**DESCRIPTION OF THE TASK:** Find "Concealed front button placket" in the entries below; copy that line through the last, exactly, with no pictures.

**DATA TO PROCESS:**
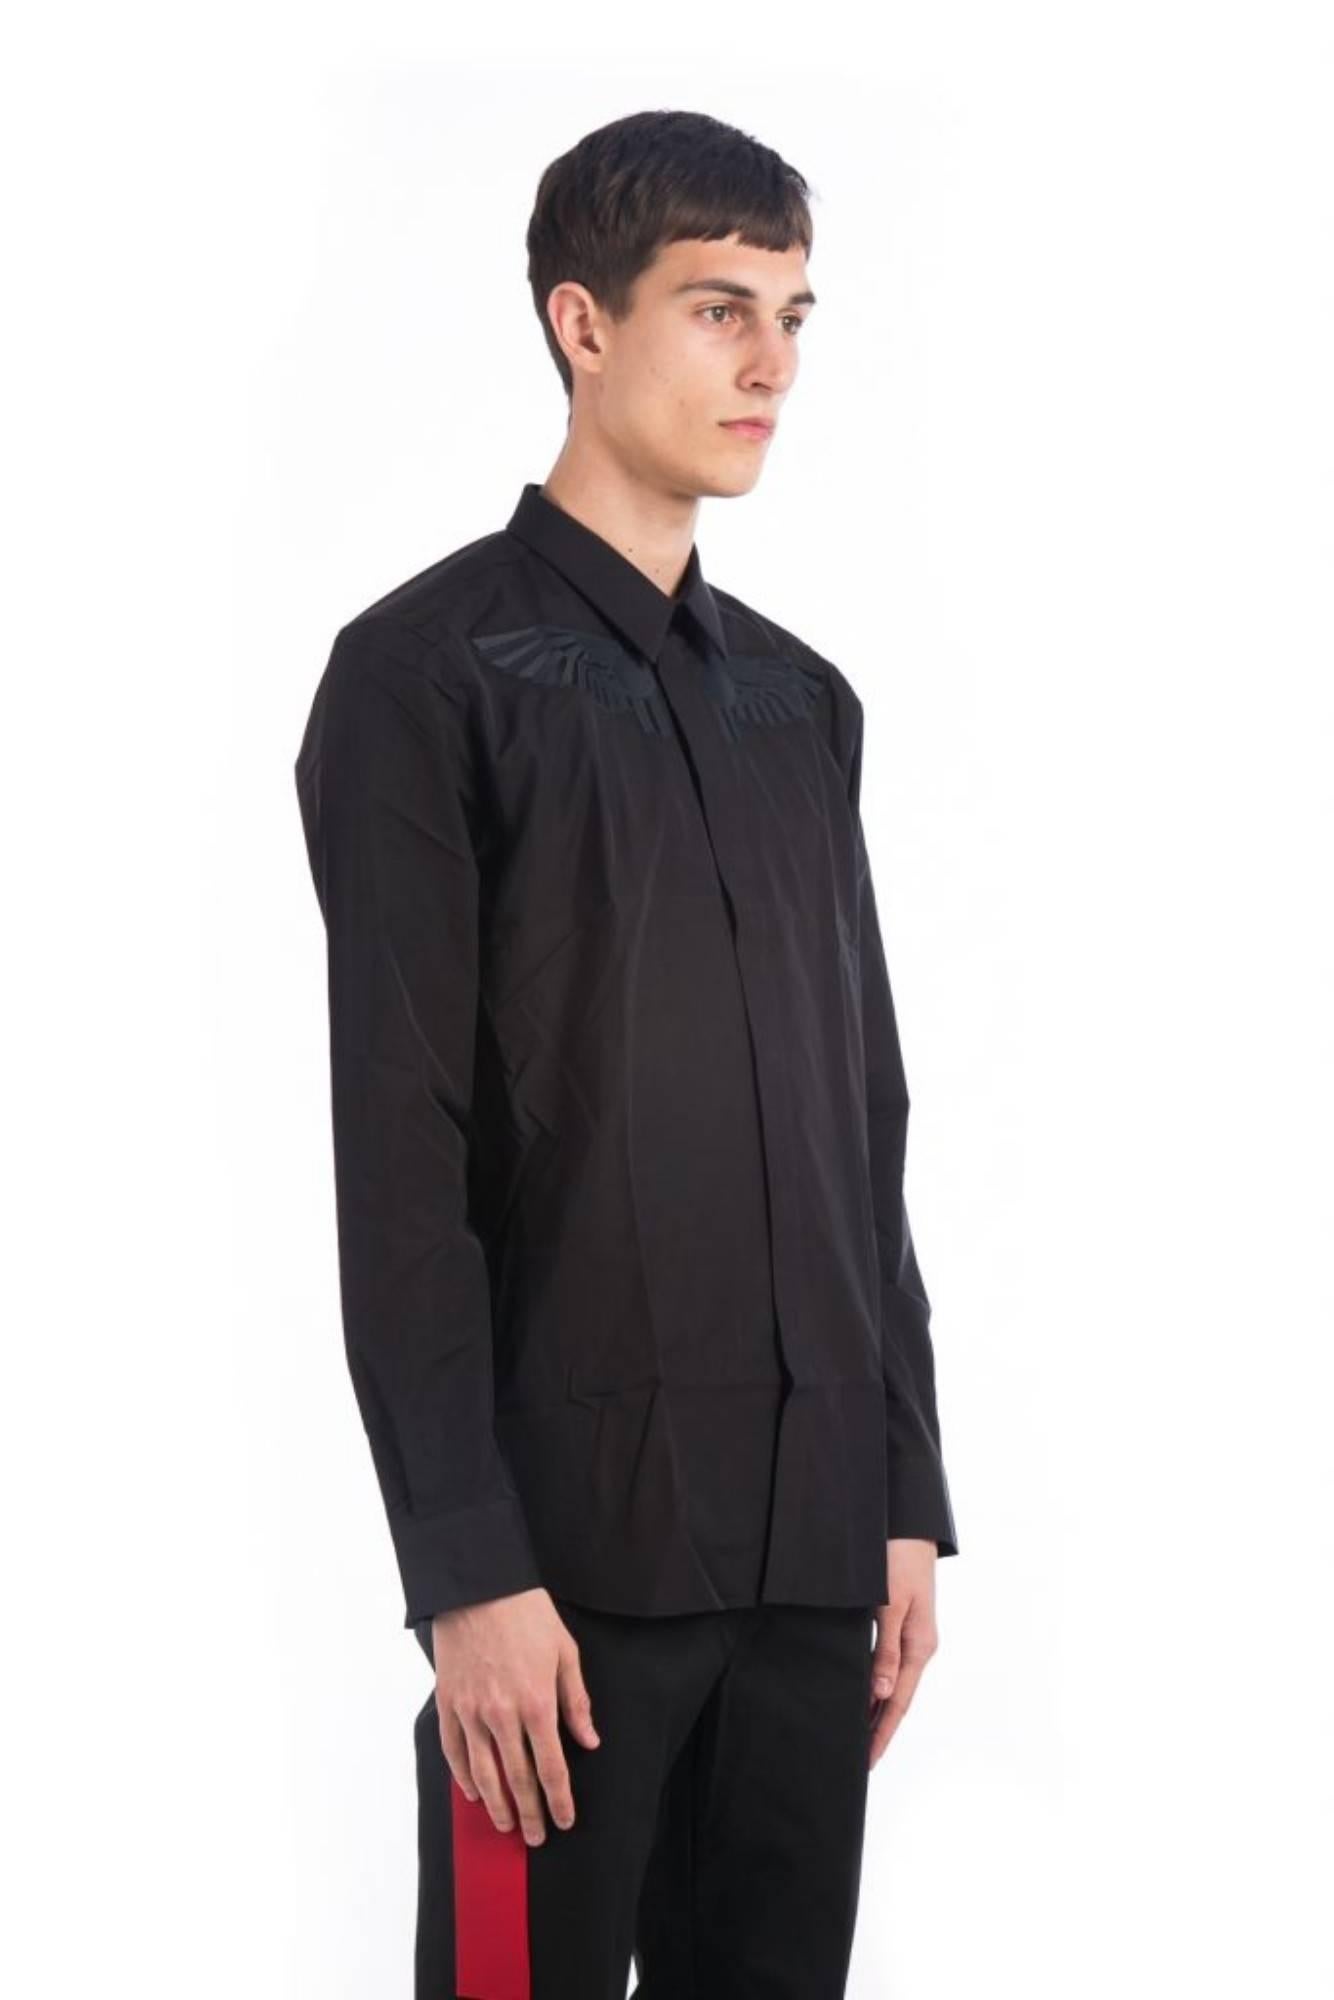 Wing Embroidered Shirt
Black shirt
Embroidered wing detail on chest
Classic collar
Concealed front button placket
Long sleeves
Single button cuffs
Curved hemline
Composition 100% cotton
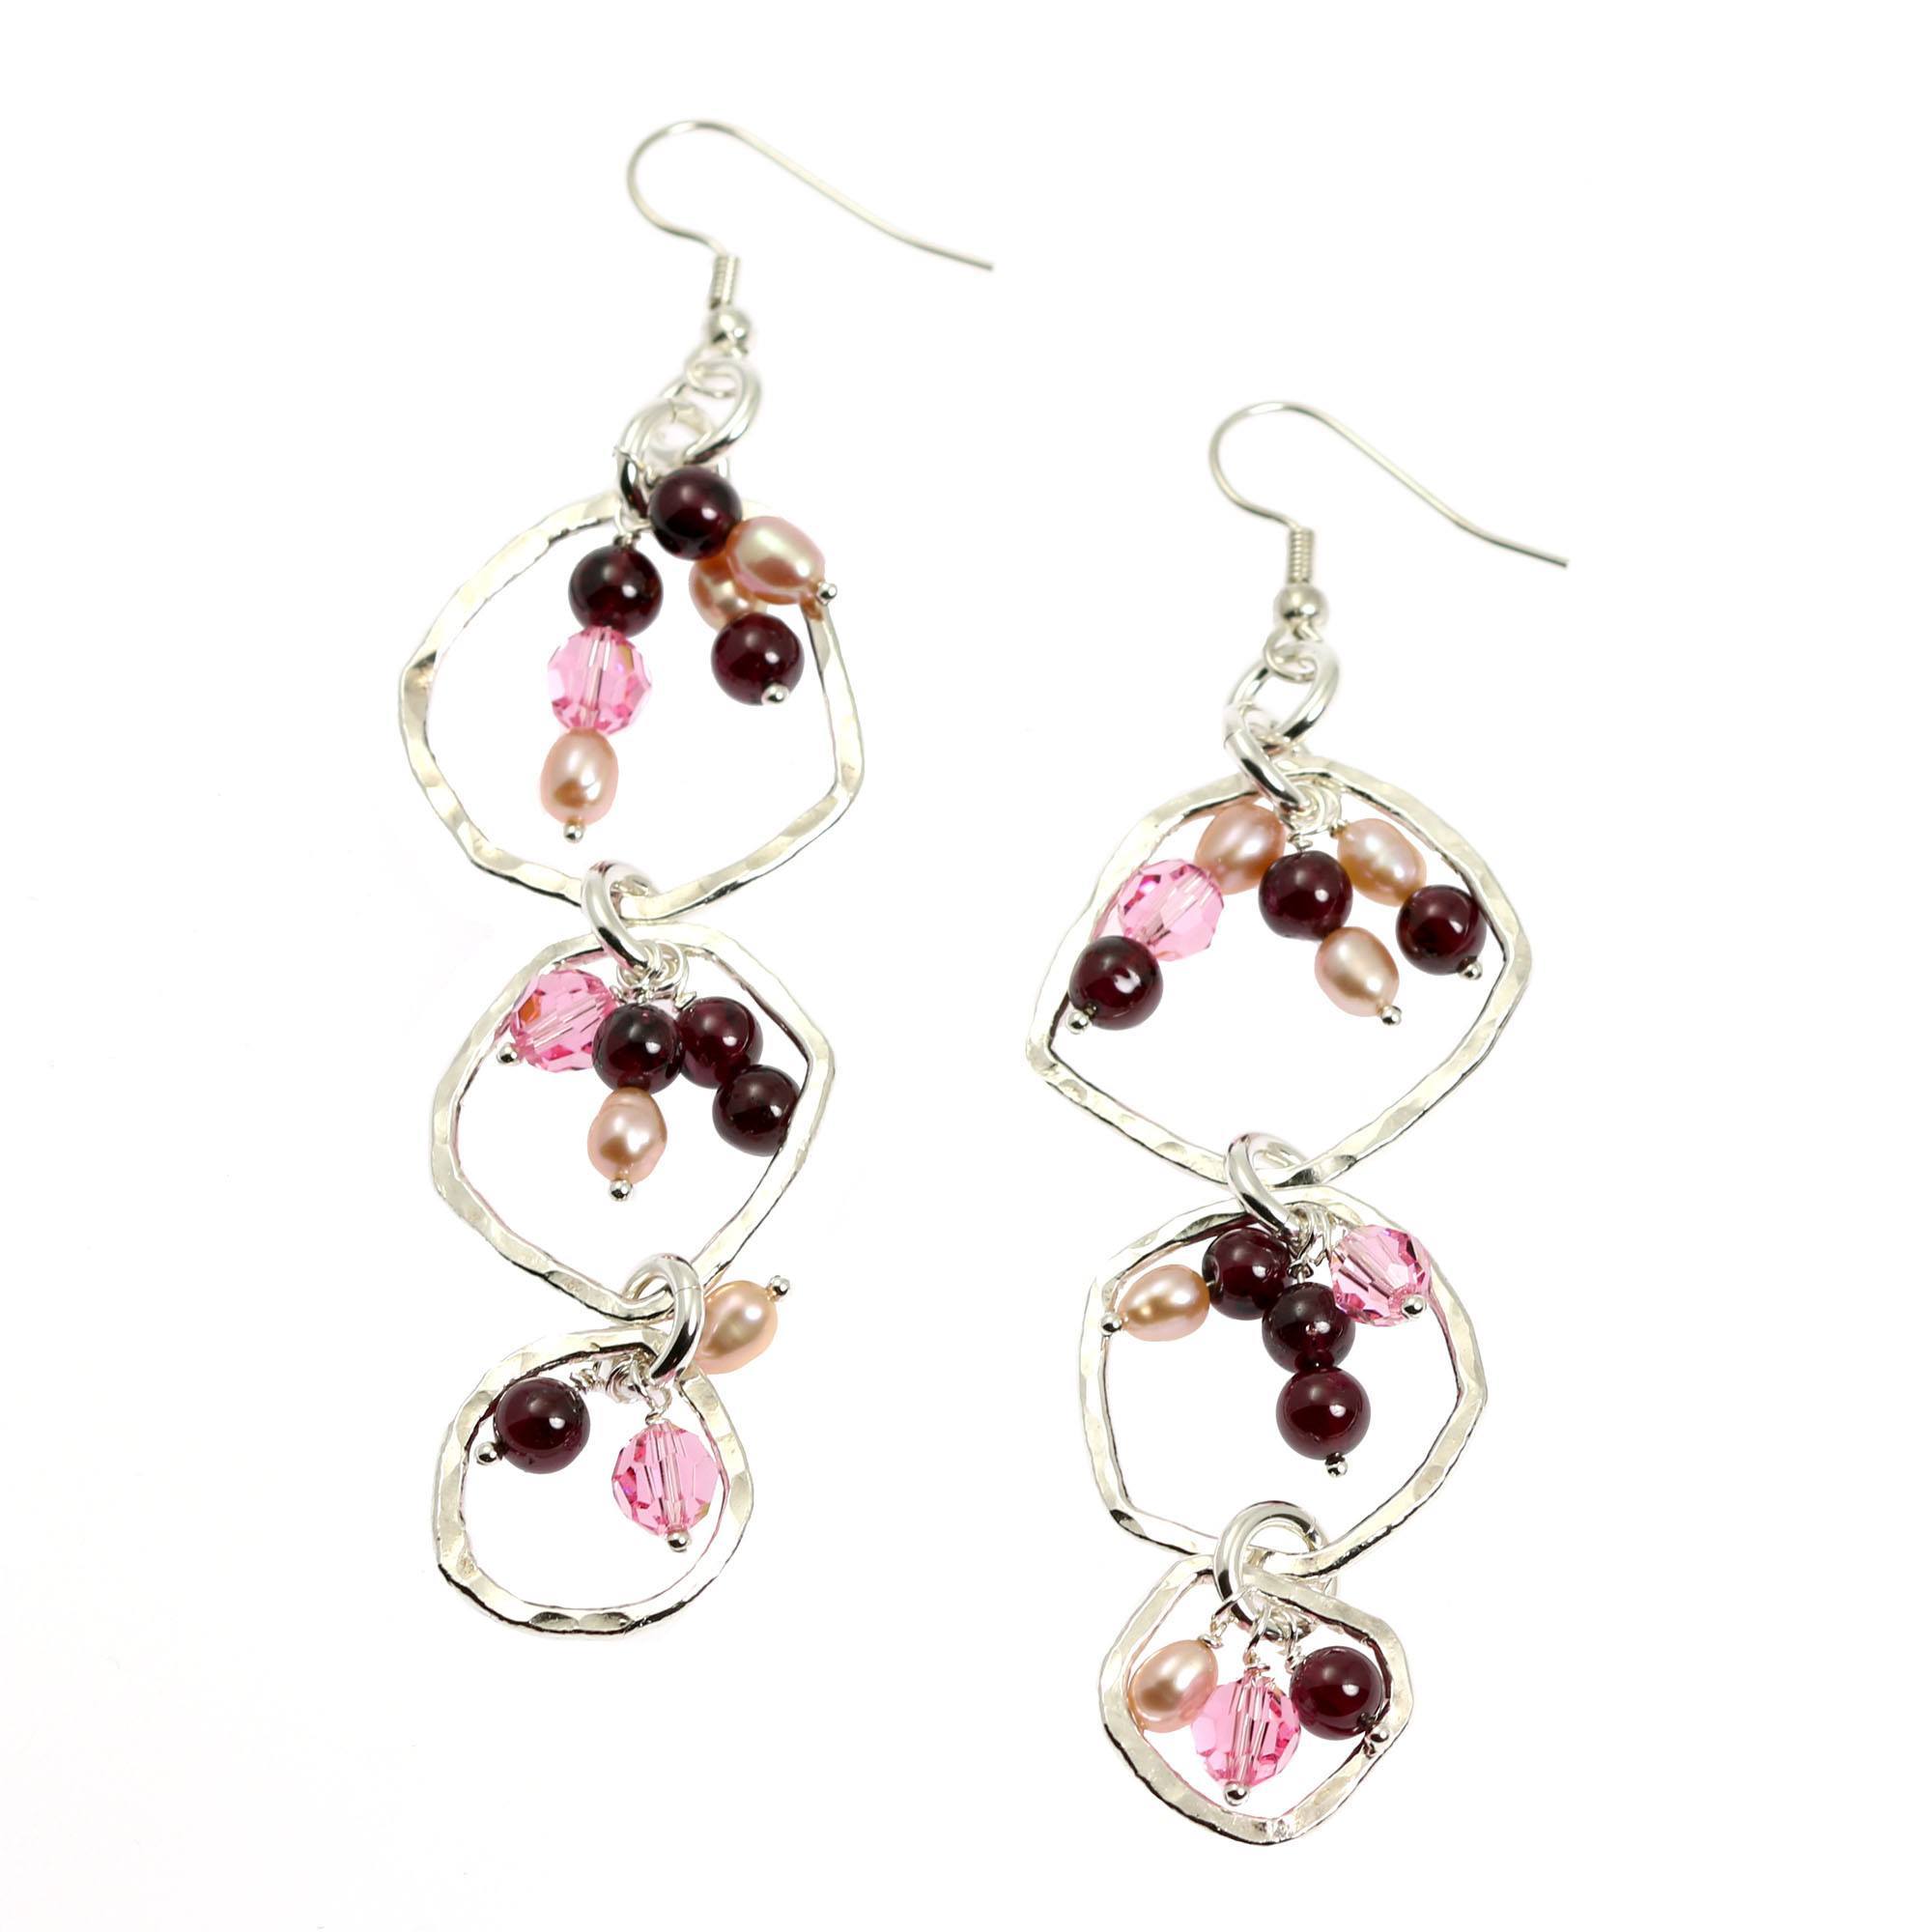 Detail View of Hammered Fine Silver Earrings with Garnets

**THE ANSWER:**
Concealed front button placket
Long sleeves
Single button cuffs
Curved hemline
Composition 100% cotton
 Detail View of Hammered Fine Silver Earrings with Garnets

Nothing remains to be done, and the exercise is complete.